| INFORMATION |
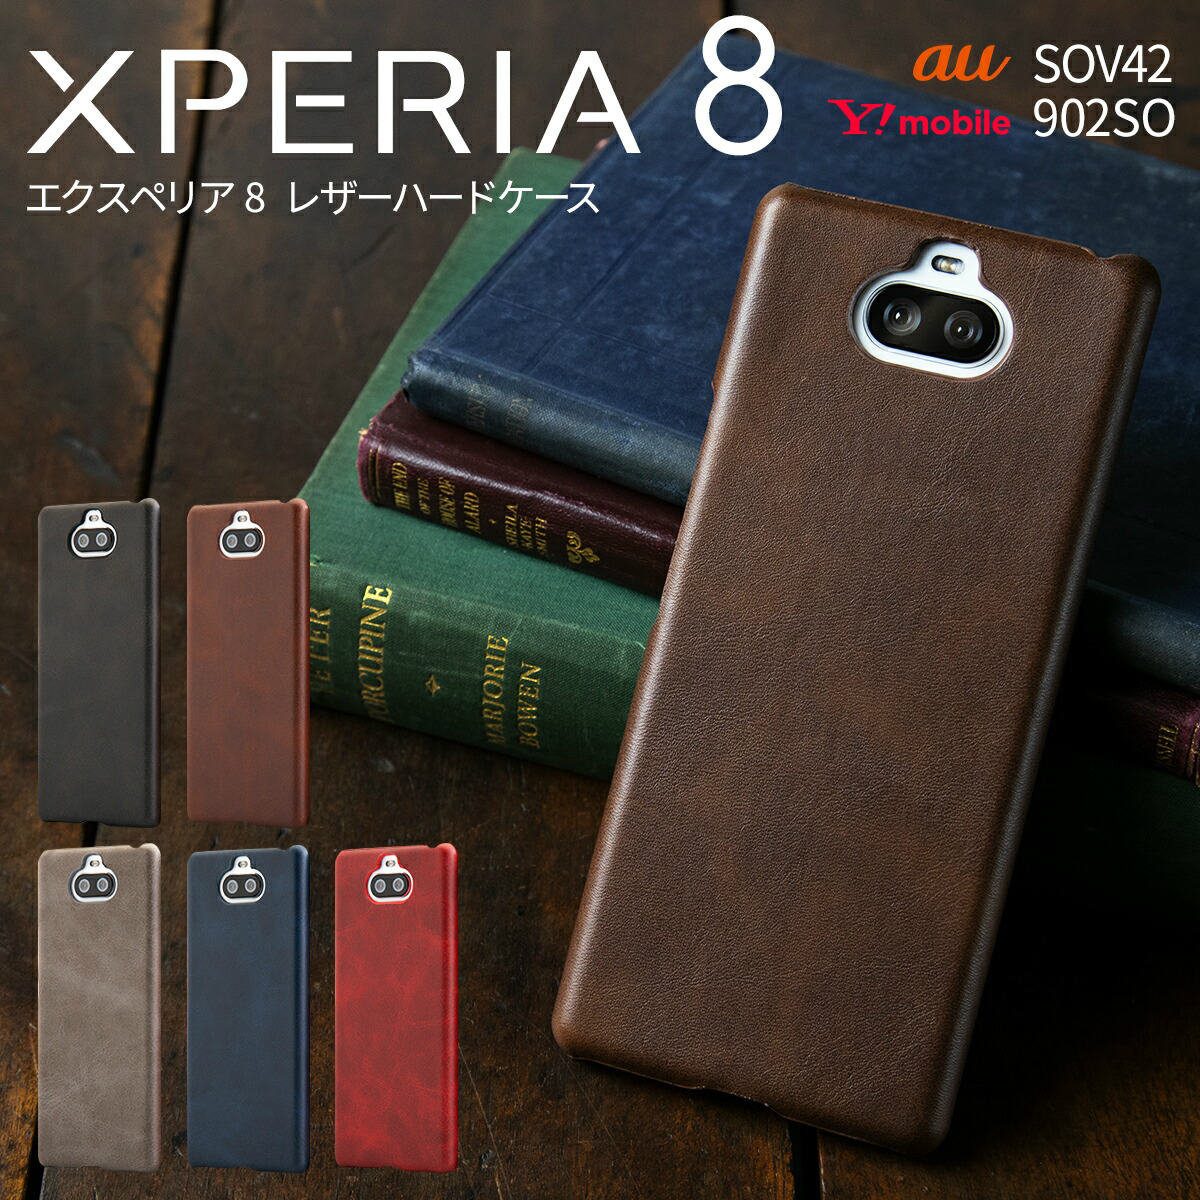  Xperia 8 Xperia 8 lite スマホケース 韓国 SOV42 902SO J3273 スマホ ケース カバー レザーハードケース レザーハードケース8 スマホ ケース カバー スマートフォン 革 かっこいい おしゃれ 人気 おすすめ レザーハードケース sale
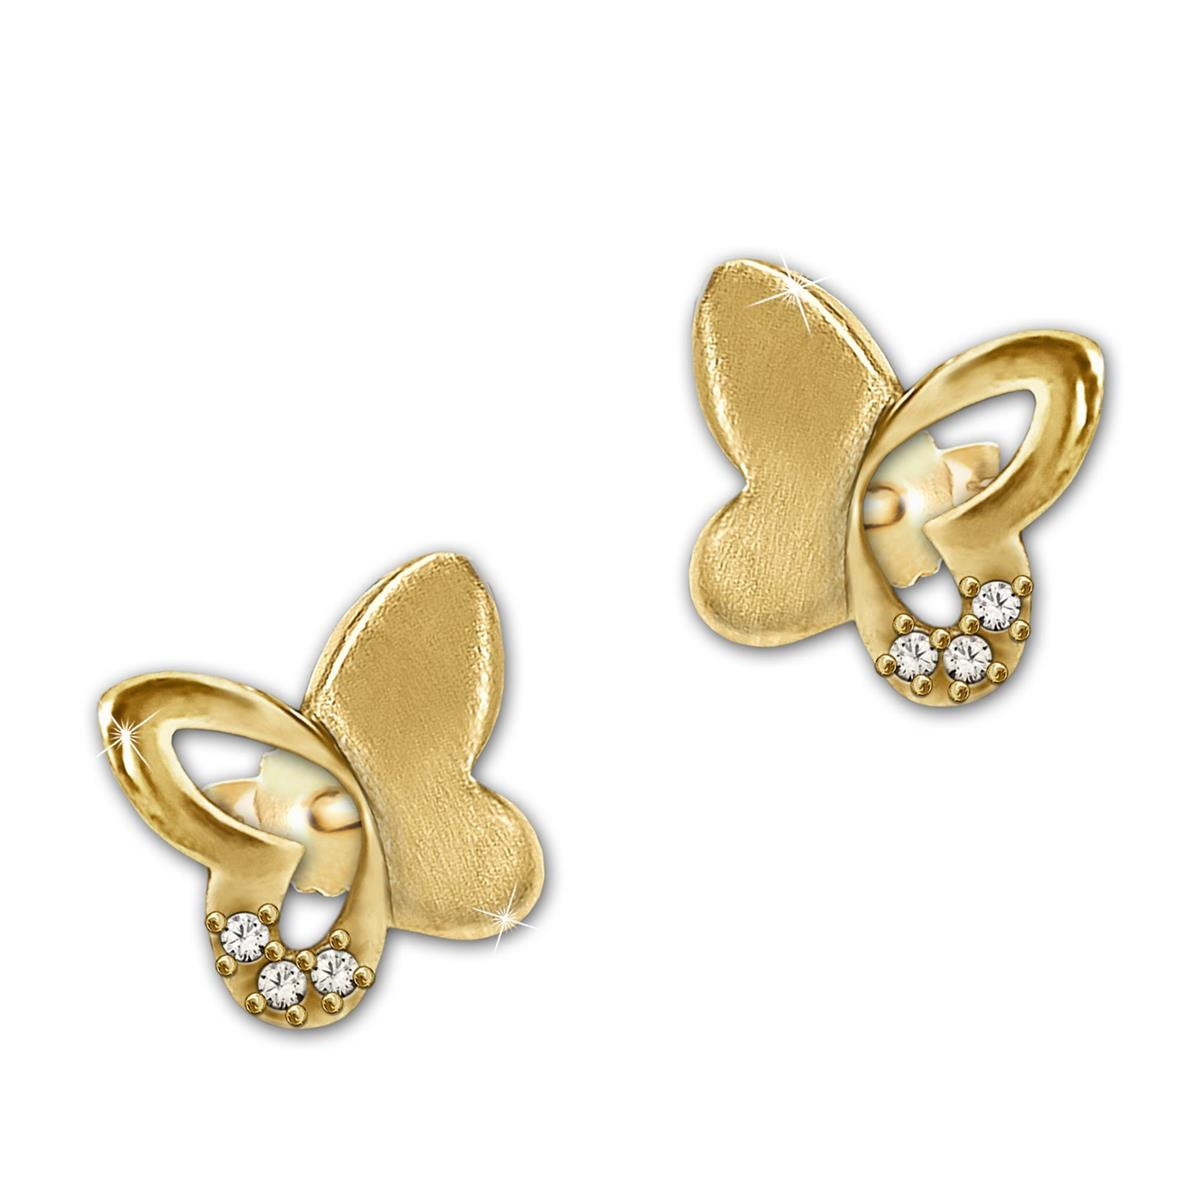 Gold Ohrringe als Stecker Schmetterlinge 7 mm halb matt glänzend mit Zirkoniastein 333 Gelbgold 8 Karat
...
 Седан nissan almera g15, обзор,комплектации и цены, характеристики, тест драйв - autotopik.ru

| WHAT YOU ARE ASKED TO DO |
Within the listing above, print exactly the stretch beginning at the line that contains "Xperia 8 Xperia" and finishing at the line that contains "Gold Ohrringe als", ends kept, pictures left out, and nothing more.

| WRITTEN ANSWER |
  Xperia 8 Xperia 8 lite スマホケース 韓国 SOV42 902SO J3273 スマホ ケース カバー レザーハードケース レザーハードケース8 スマホ ケース カバー スマートフォン 革 かっこいい おしゃれ 人気 おすすめ レザーハードケース sale
 Gold Ohrringe als Stecker Schmetterlinge 7 mm halb matt glänzend mit Zirkoniastein 333 Gelbgold 8 Karat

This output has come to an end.